For most, this same zeal carries over into shopping for a mortgage.  But, unfortunately, shopping for a mortgage is not the same as shopping for the best deal on a new TV, or for the least expensive gasoline (almost always QT by the way) or for the  cheapest box of Pop-Tarts (it’s not even close, it’s always Wal-Mart).  When I started Hillside Lending in 2002 one of my main goals was to always be certain that I was offering my clients the best . . . the best rates with the best service.  Now a lot of people would agree with that statement and even use it as their “slogo” possibly (but come-on, everybody can’t be the best, right).  So, to be totally honest with myself, I decided to re-phrase my idea into this — being certain that I was offering my clients the absolute best combination of rates, closing costs and service.  What about getting the cheapest mortgage?  Or the lowest closing costs?  Why not just those things?

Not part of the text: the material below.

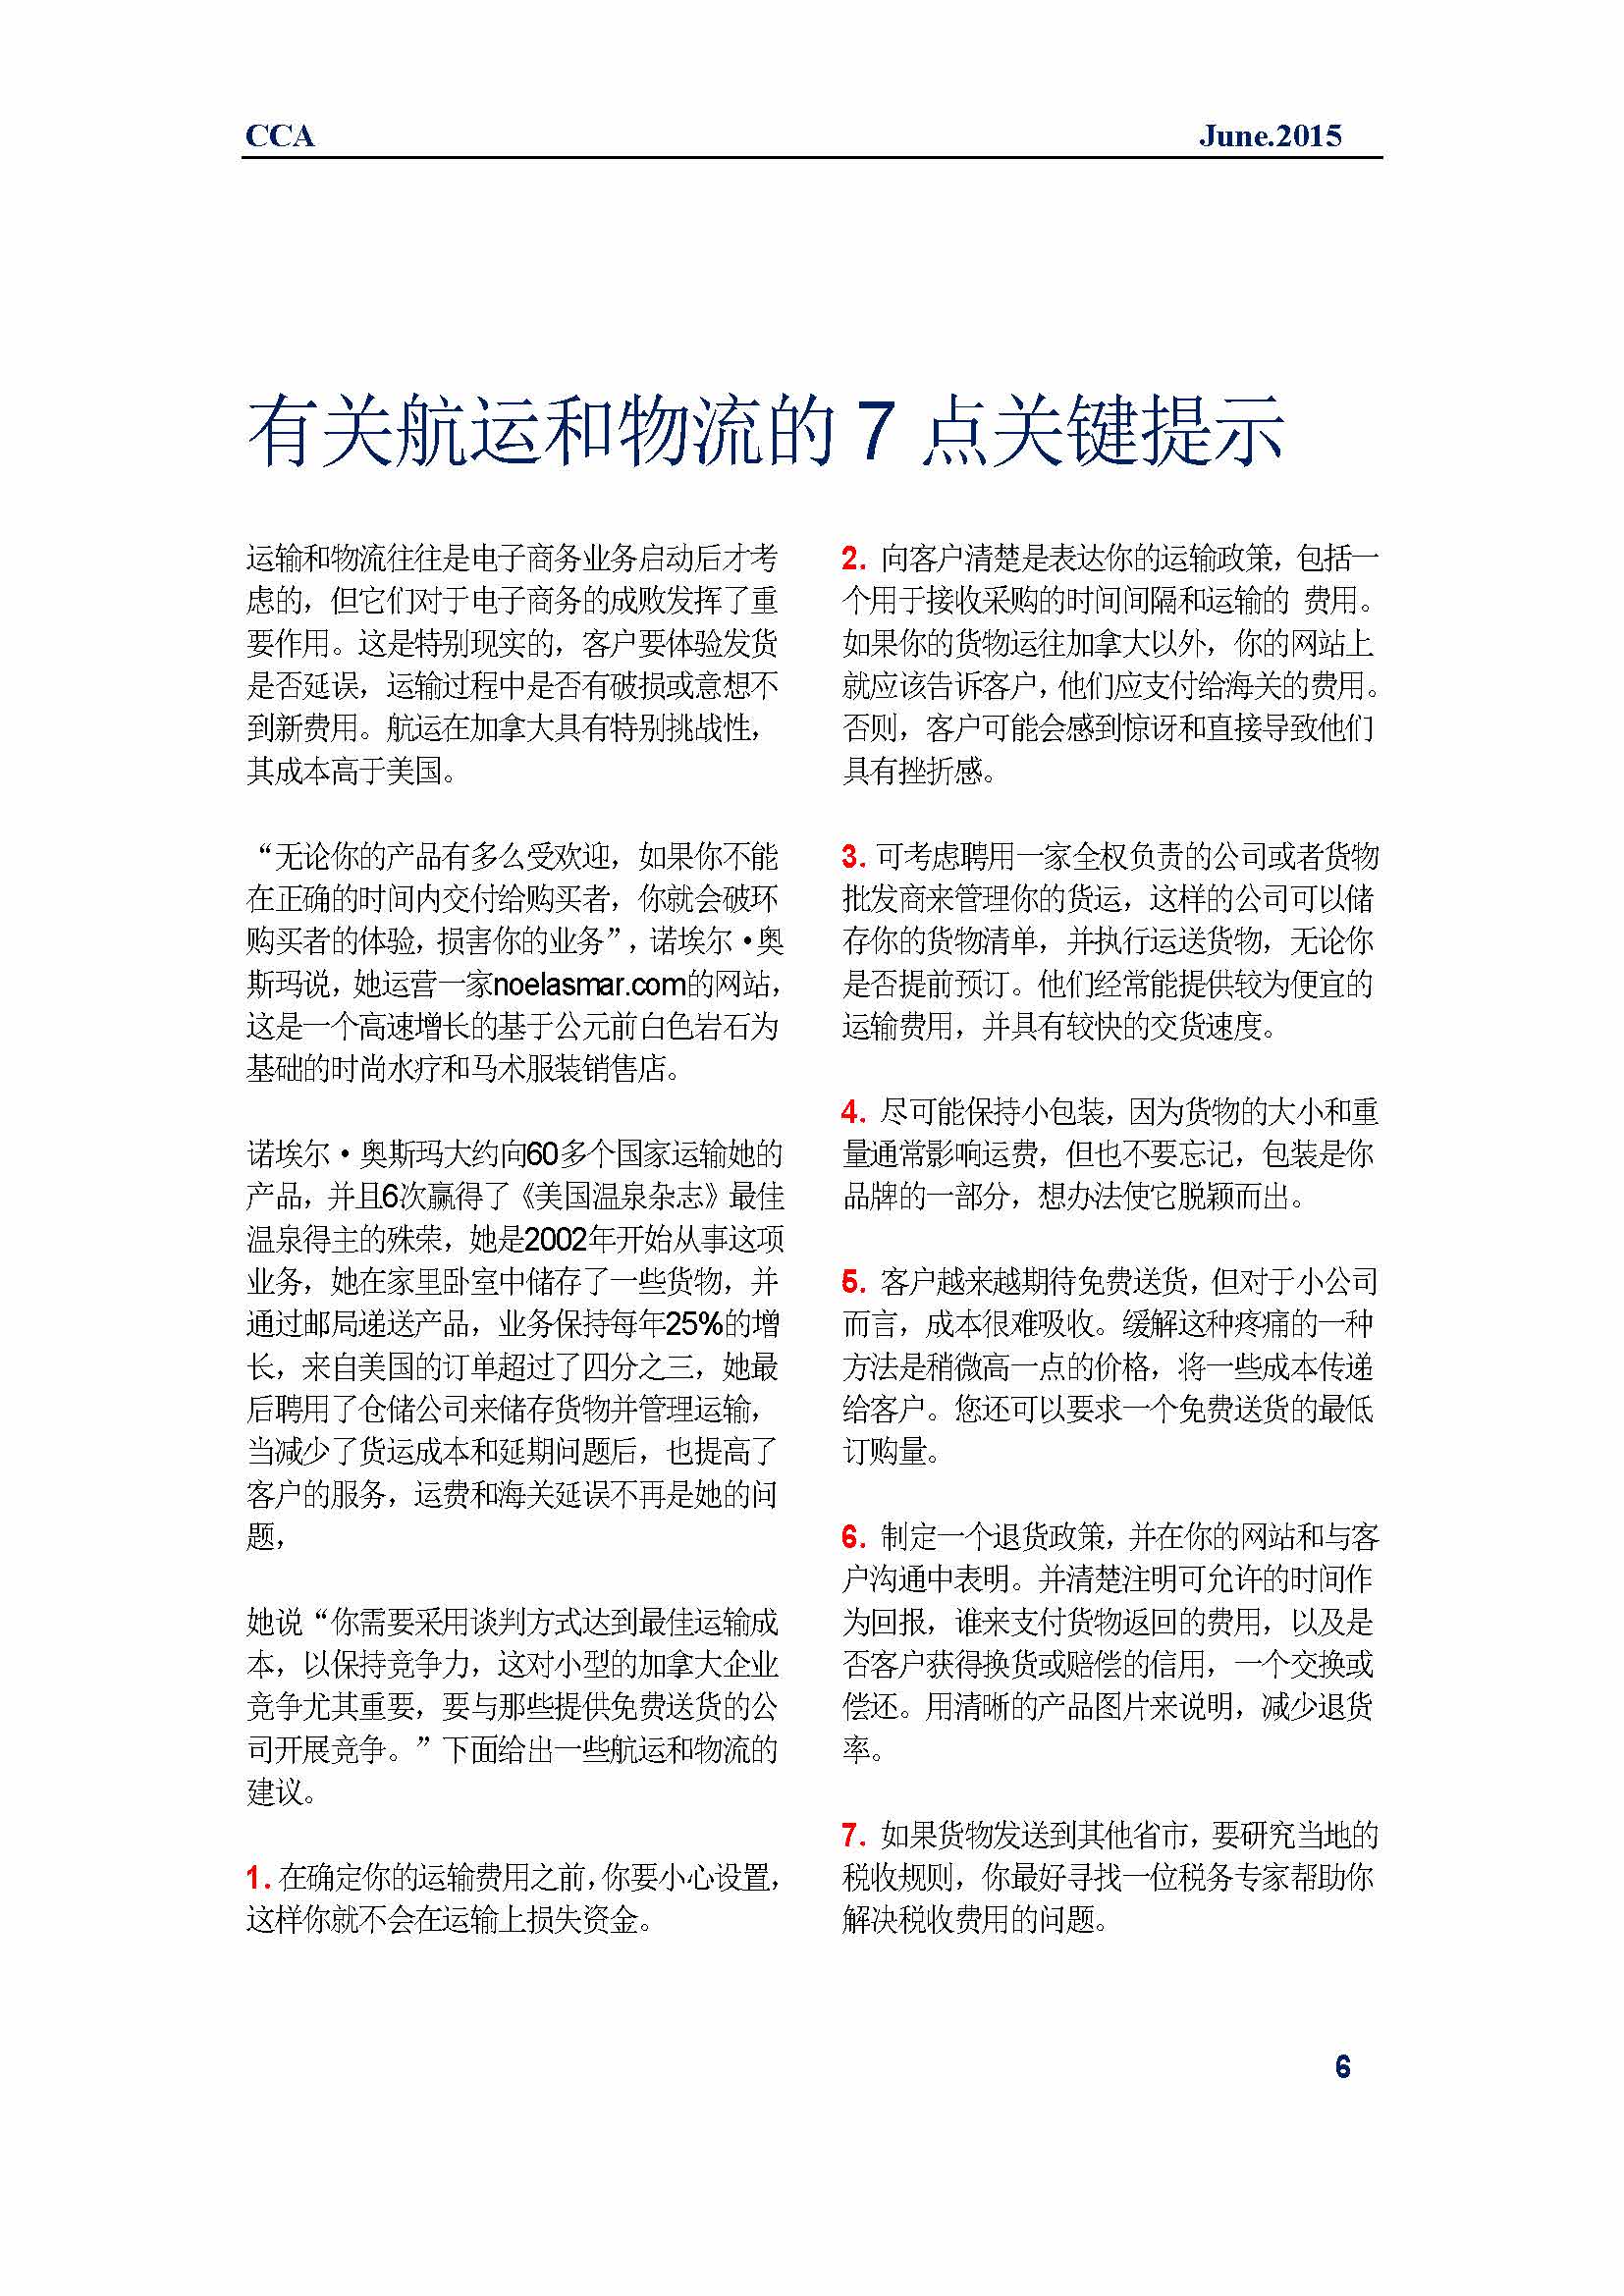 中国科技咨询协会国际快讯（第二十四期）_页面_09.jpg

Here’s a funny story:  my brother and I were recently traveling to Orlando, Florida for a family funeral (obviously, that’s not the funny part) and we decided when we were booking tickets for the quickly-planned trip that he would take care of the hotel room and I would take care of the rental car.  So with multiple screens open on my computer (shopping for the best deal on a 2-day notice flight to Orlando), I found the best flight to fit my schedule and used the “click here to add rental car” button to take care of my part of the plans.  Despite knowing better, I clicked on the super-budget deal (we were only going to drive the car from the airport to the funeral home and then back to the airport the next morning) . . . I thought that $14 a day for a rental car was rather inexpensive (read: cheap, i.e. we definitely paid less, if you catch my vibe, paid less, payless), but hey the next level up in price was an increase of more than 25%!  ha.  Yes, the next level up was all of $20 per day.  I wish that I had had my camera with me.  My brother and I, both nicely dressed in dark suits, climbed into one of the dirtiest, muggiest, non-air-conditioned, park-and-ride vans I have ever seen.  We piled in with 15+ Disney-travelers and proceeded to the off-site car rental facility.  As we headed down the road, as if out of a commercial, kids screaming, I’m sweating, mother’s scolding . . . I look out the window and a beautiful Hertz park-and-ride bus goes cruising past us — you could practically see the air-conditioning on the people’s faces.  My brother said to me with a smirk, “Hey, Jeffrey, good job on saving a few dollars.”  “Hey, I saved more than 25%,” I reminded him.  To which he responded, “I think you owe me some money for the hotel room . . . after this, I don’t think we’re even.”  The rest of the story follows the same theme . . . was it a great experience? no.  Was it even a good experience? not really.  Would I use them again? I am sure I wouldn’t.  Did I save money?  yes.


So back to shopping for a mortgage.  How can you make sure that you are shopping for the best?  Well, first you have to determine exactly what that means — the best rate?  the best closing costs?  the best service?  Or the best combination of all three?  And then you have to determine what you are willing to risk (or put up with) — mediocre advice?  slowly returned phone calls?  a not-so-smooth closing?  And then once you’ve done your homework (please do more than just compare good faith estimates), give your business to the person or company who deserves your business the most . . . not because they were the cheapest, but because they really were the best.